SYMP 7-8 - Adaptation of thermal reaction norms along a latitudinal gradient: implications for the responses of species ranges to climate

Tuesday, August 3, 2010: 4:05 PM
Blrm A, David L Lawrence Convention Center
Michael Sears, Department of Biological Sciences, Clemson University, Clemson, SC and Michael J. Angilletta, School of Life Sciences, Arizona State University, Tempe, AZ

Background/Question/Methods

Understanding the responses of plants and animals to ongoing climate change is one of the most pressing questions for a practicing ecologist today. Over the past century, global climates have warmed and climatic models predict continued warming in the near future. Warmer temperatures will directly impact organisms given the thermal sensitivity of numerous physiological traits. One strategy for persistence, then, is for organisms to shift their geographic ranges by tracking climates to which their physiological processes are adapted. Here, we examine how thermal reaction norms for energy assimilation, which have been optimized along a latitudinal gradient, might contribute to future shifts in the geographical range of a species.
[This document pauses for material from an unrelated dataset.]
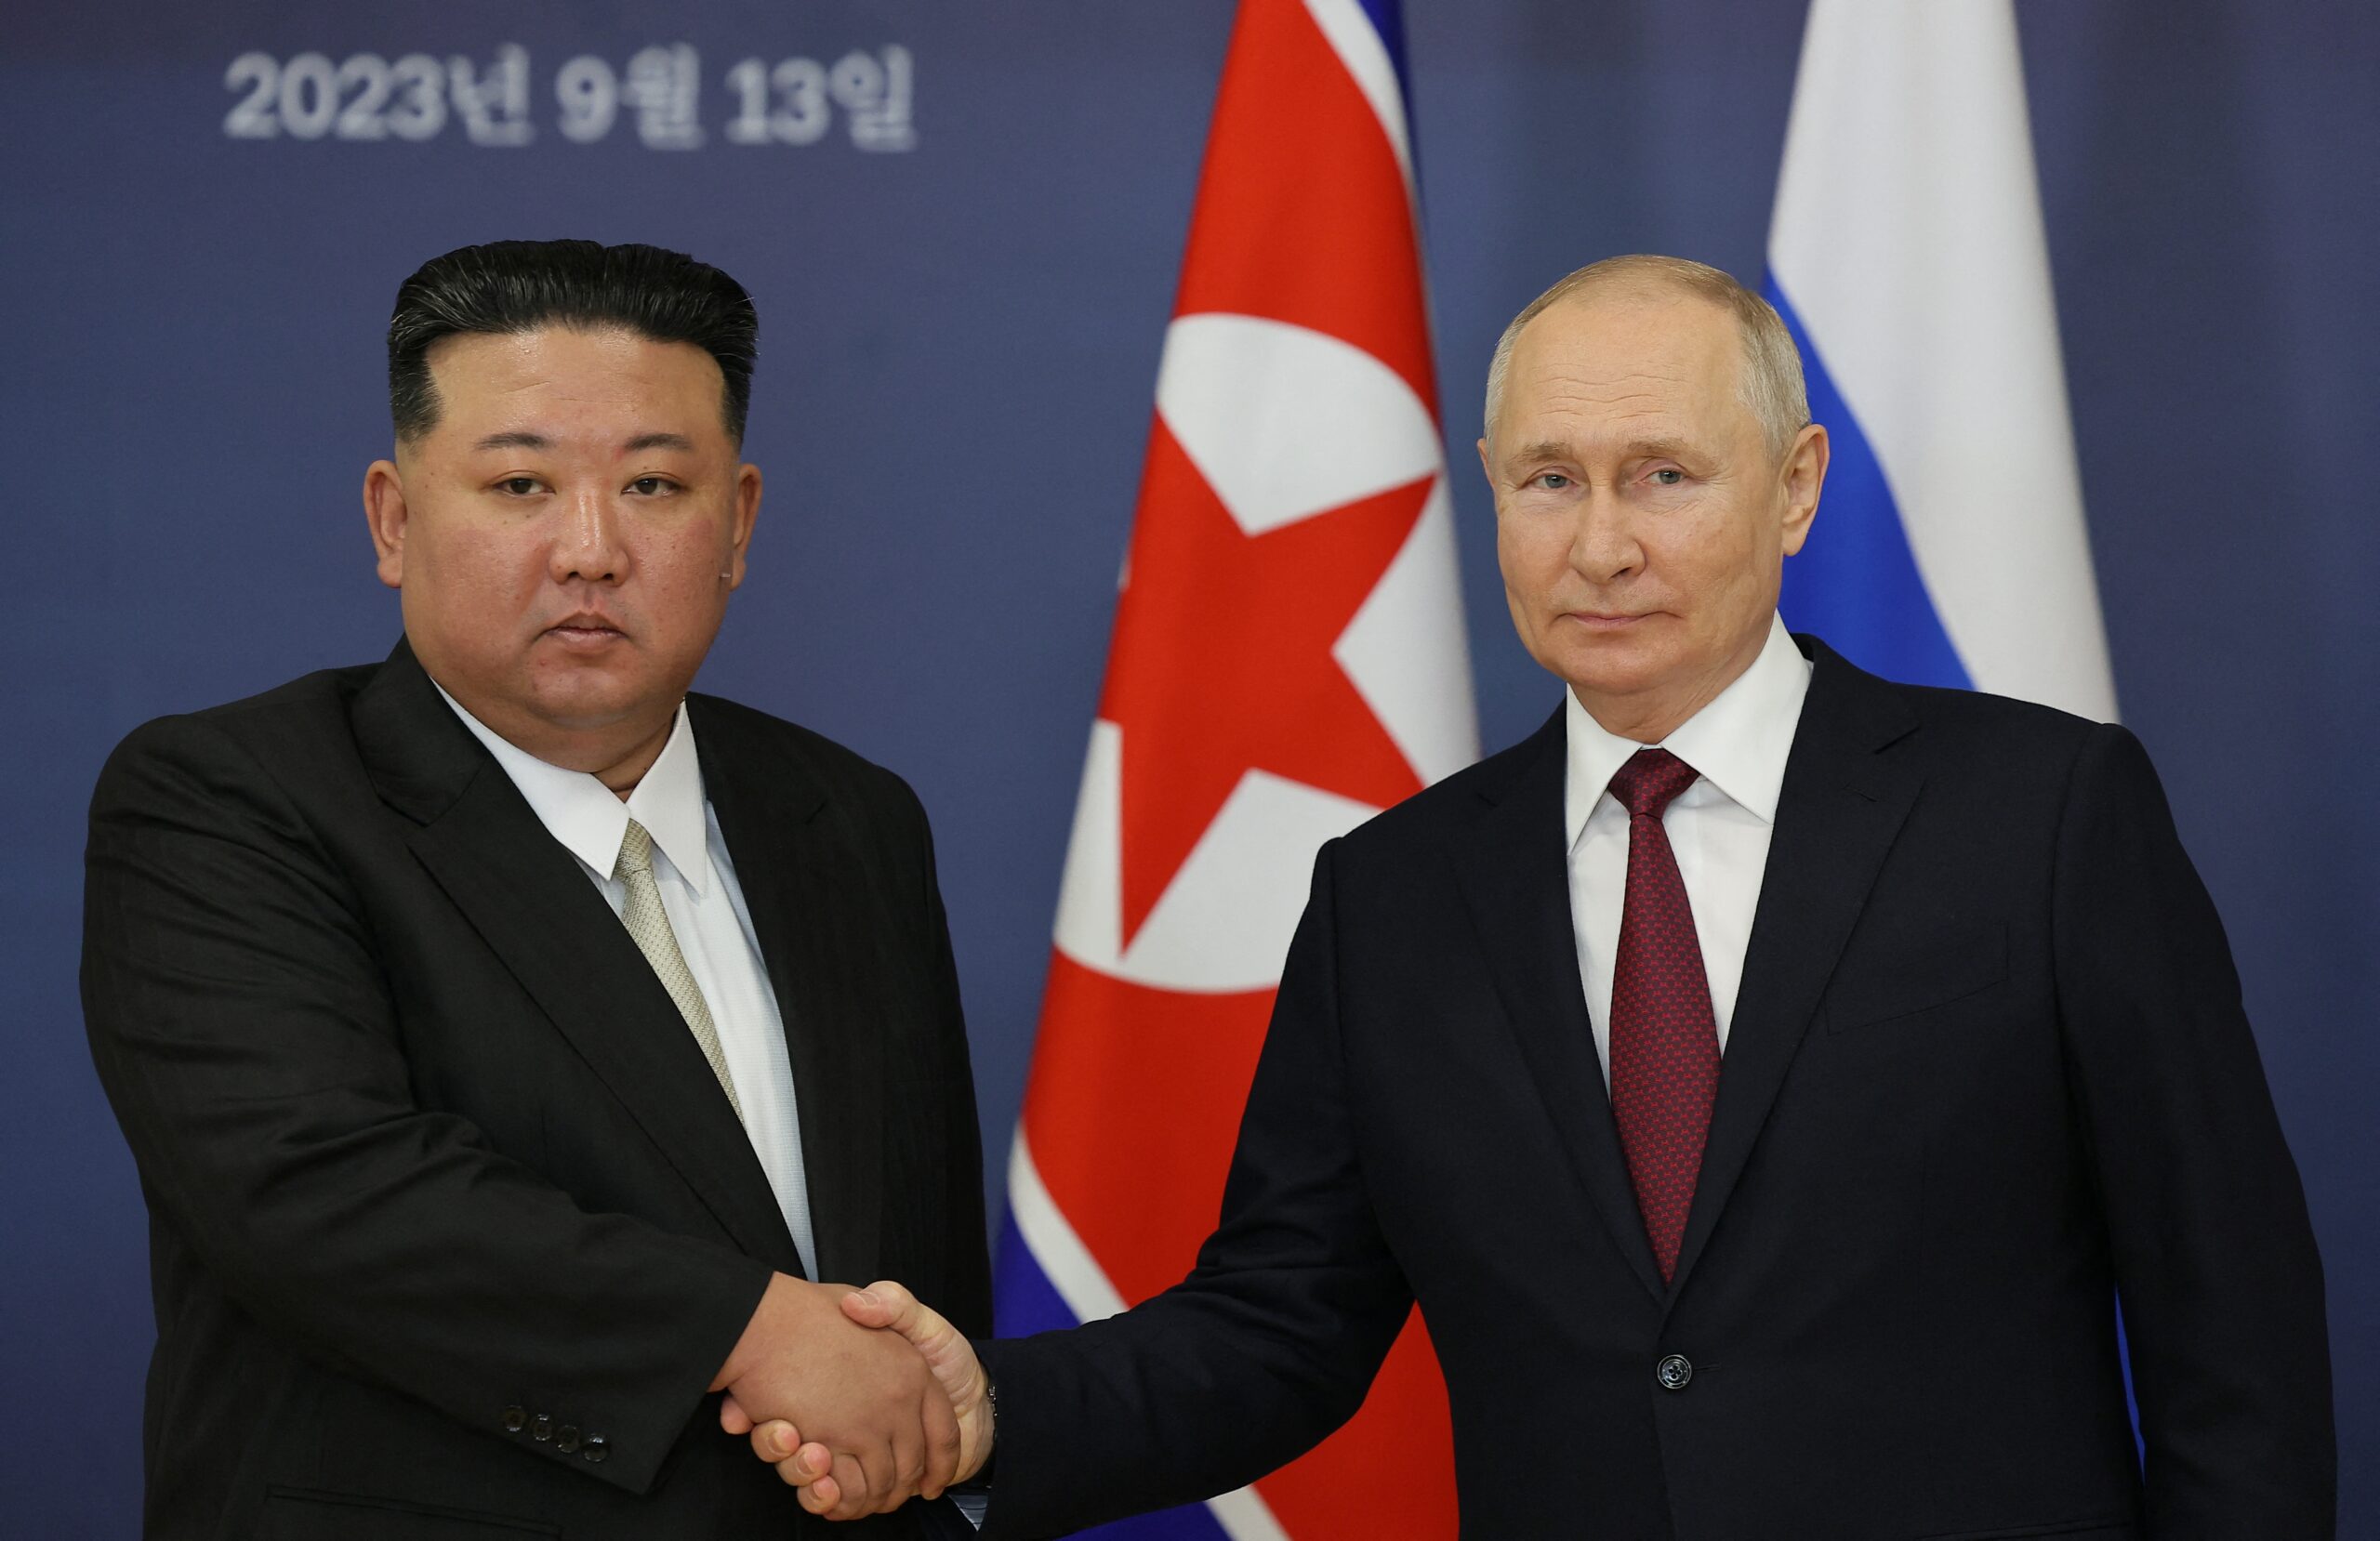 Putin hails N. Korea's support for Ukraine war ahead of Pyongyang visit
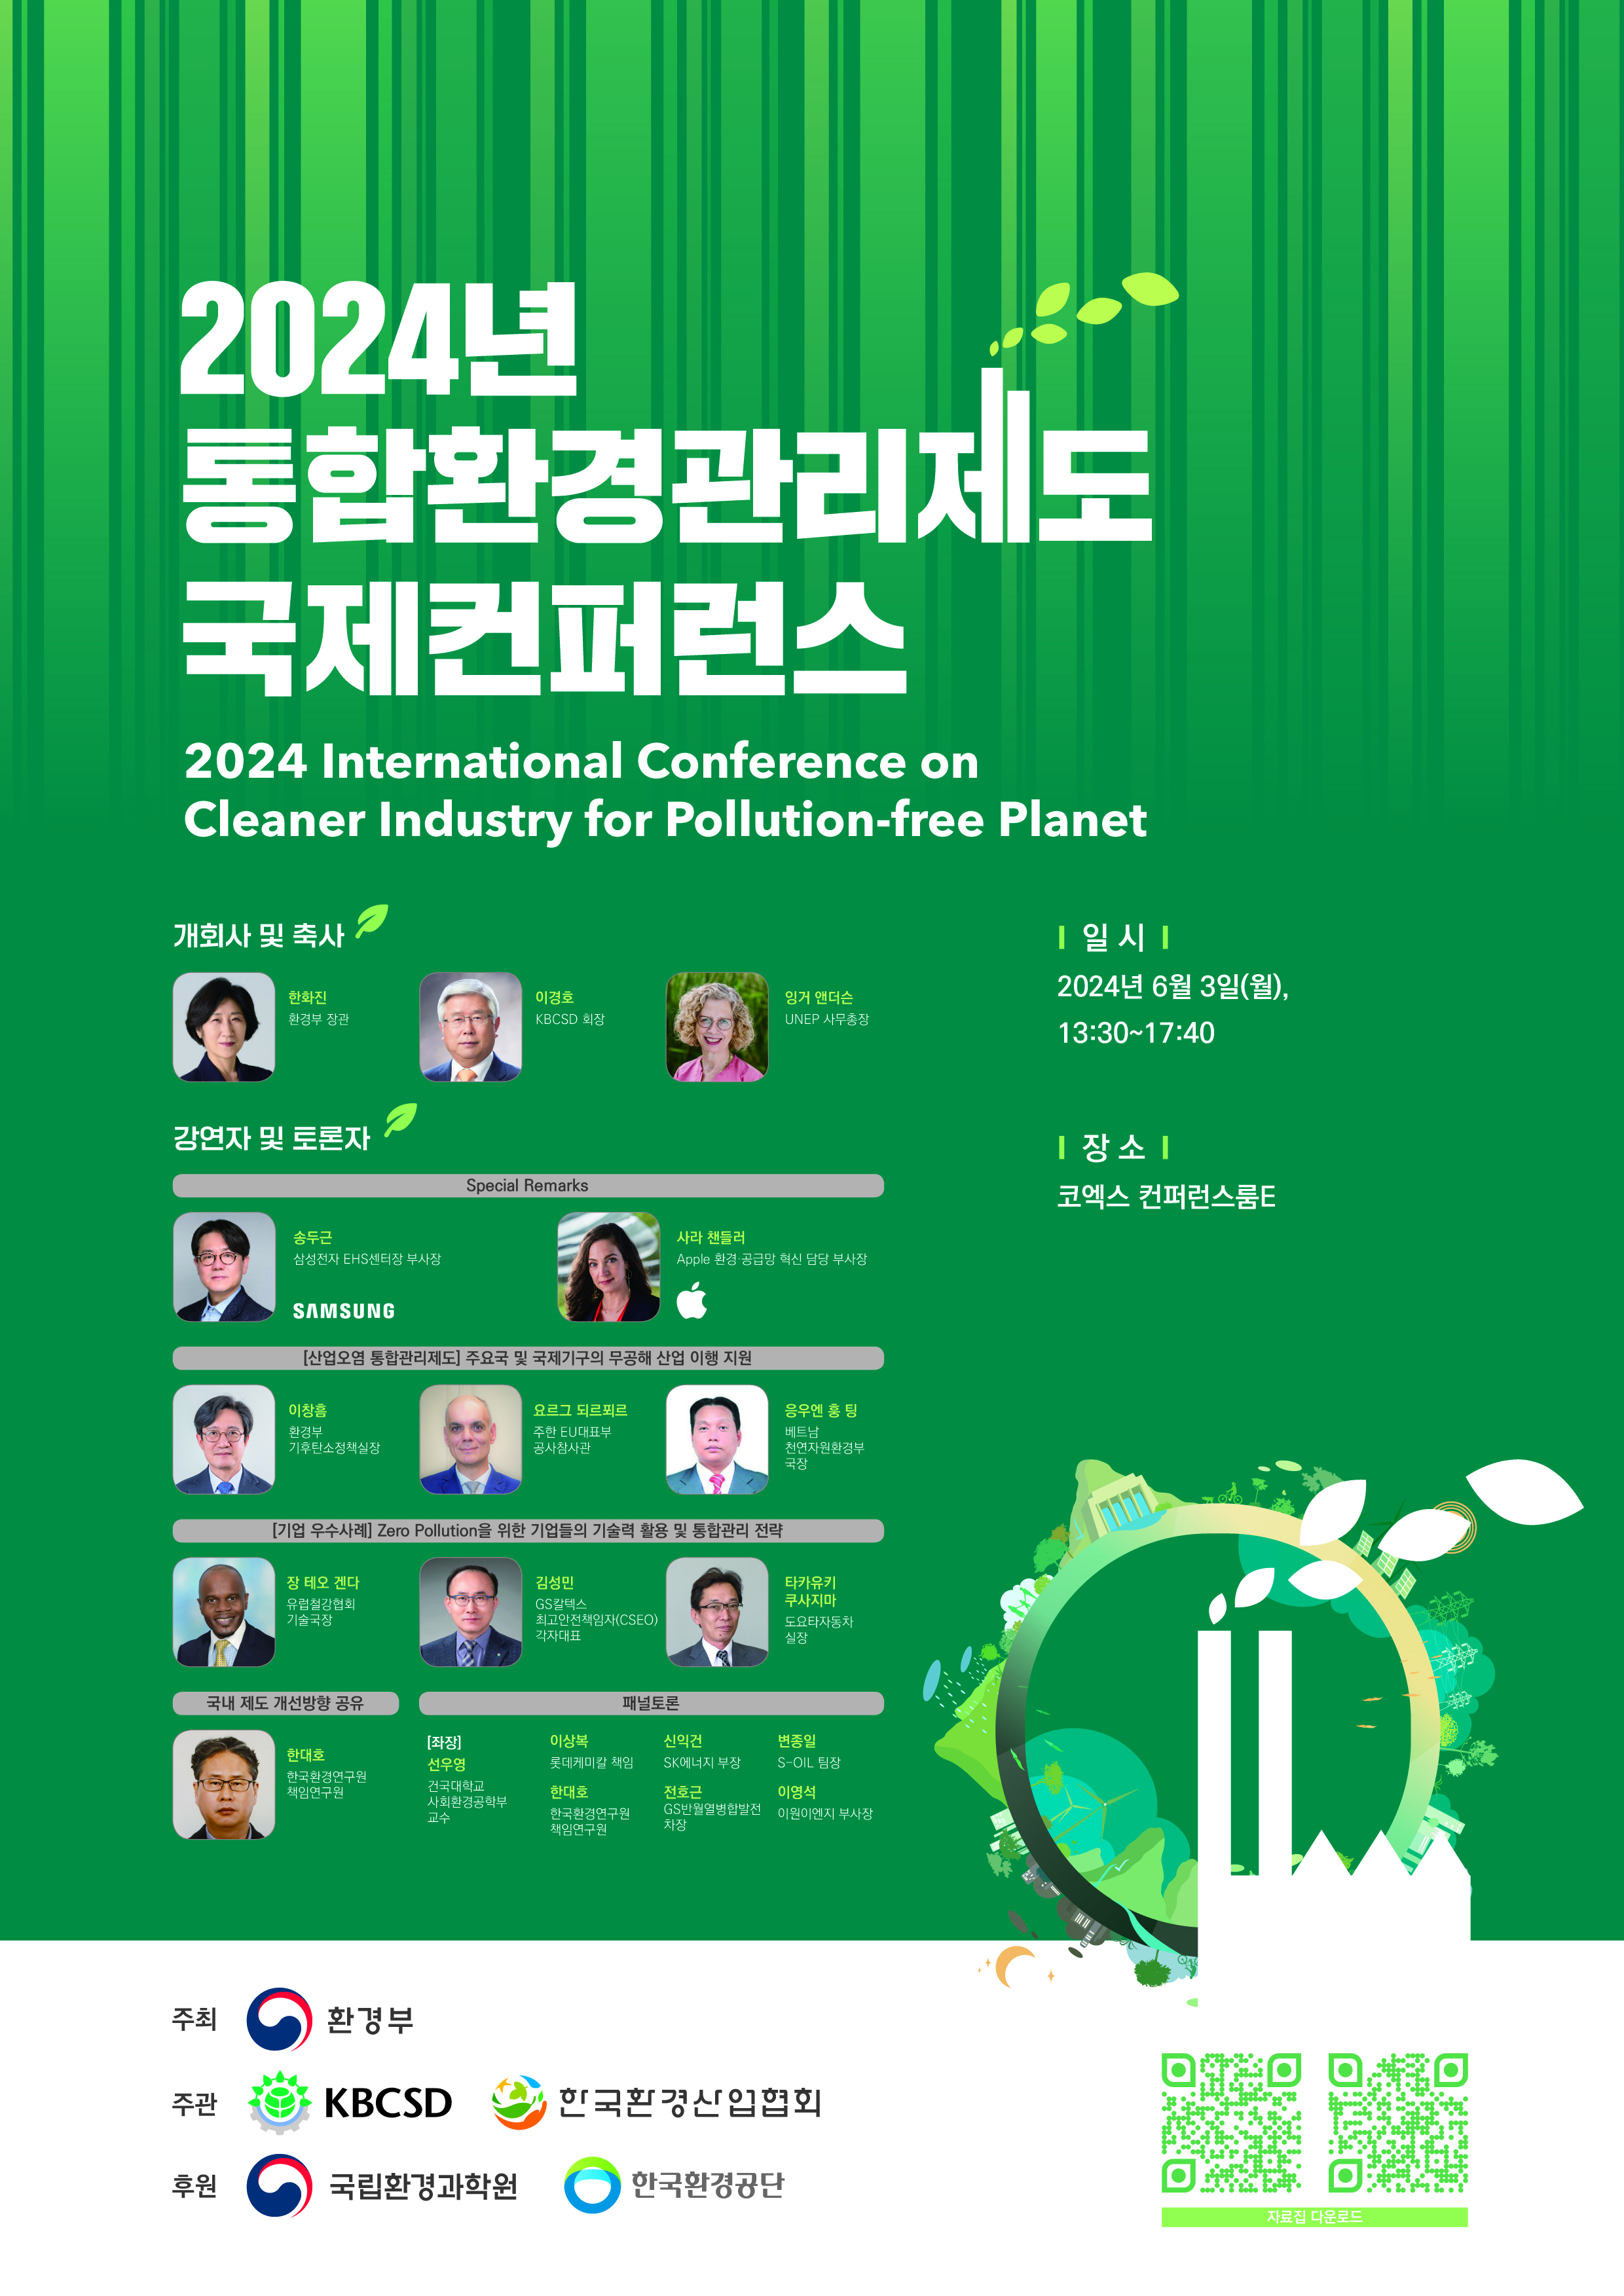 2024년 통합환경관리제도 국제컨퍼런스 2024 International Conference on Cleaner Industry for Pollution-free Planet 개회사 및 축사 한화진 환경부 장관 이경호 KBCSD 회장 잉거 앤더슨 UNEP 사무총장 강연자 및 토론자 Special Remarks 송두근 삼성전자 EHS센터장 부사장 SAMSUNG 사라 챈들러 Apple 환경·공급망 혁신 담당 부사장 [산업오염 통합관리제도] 주요국 및 국제기구의 무공해 산업 이행 지원 이창흠 환경부 기후탄소정책실장 요르그 되르푀르 주한 EU대표부 공사참사관 응우엔 훙 팅 베트남 천연자원환경부 국장 [기업 우수사례] Zero Pollution을 위한 기업들의 기술력 활용 및 통합관리 전략 장 테오 겐다 유럽철강협회 기술국장 김성민 GS칼텍스 최고안전책임자(CSEO) 각자대표 타카유키 쿠사지마 도요타자동차 실장 국내 제도 개선방향 공유 한대호 한국환경연구원 책임연구원 패널토론 [좌장] 선우영 건국대학교 사회환경공학부 교수 이상복 롯데케미칼 책임 한대호 한국환경연구원 책임연구원 신익건 SK에너지 부장 전호근 GS반월열병합발전 차장 변종일 S-OIL 팀장 이영석 이원이엔지 부사장 일 시 2024년 6월 3일(월), 13:30~17:40 장소 코엑스 컨퍼런스룸E 주최 환경부 주관 KBCSD 한국환경산업협회 후원 국립환경과학원 한국환경공단 자료집 다운로드

Because daily, seasonal, and annual temperatures vary with latitude, we expect that selective pressures have generated distinct reaction norms within populations along a latitudinal gradient. Using 50 years of historical climate data, we modeled the optimal thermal reaction norms for energy assimilation for hypothetical populations that range over a latitudinal gradient in North America. We then used these locally adaptive reaction norms to predict the fundamental niches and potential ranges.

Results/Conclusions

Resultant reaction norms varied in both their thermal optima and breadth, and thus their contribution to fitness over a particular range of temperatures. Thermal reaction norms become generalized to a broader range of temperatures at higher latitudes but confer reduced fitness at their thermal optima compared to those of individuals at lower latitudes. Such local adaptation of thermal reaction norms will limit the genotypes that will be able to either persist or redistribute to new geographic locations. We illustrate this concept by contrasting the potential ranges of genotypes from latitudinal extremes in light of both contemporary and warming climates.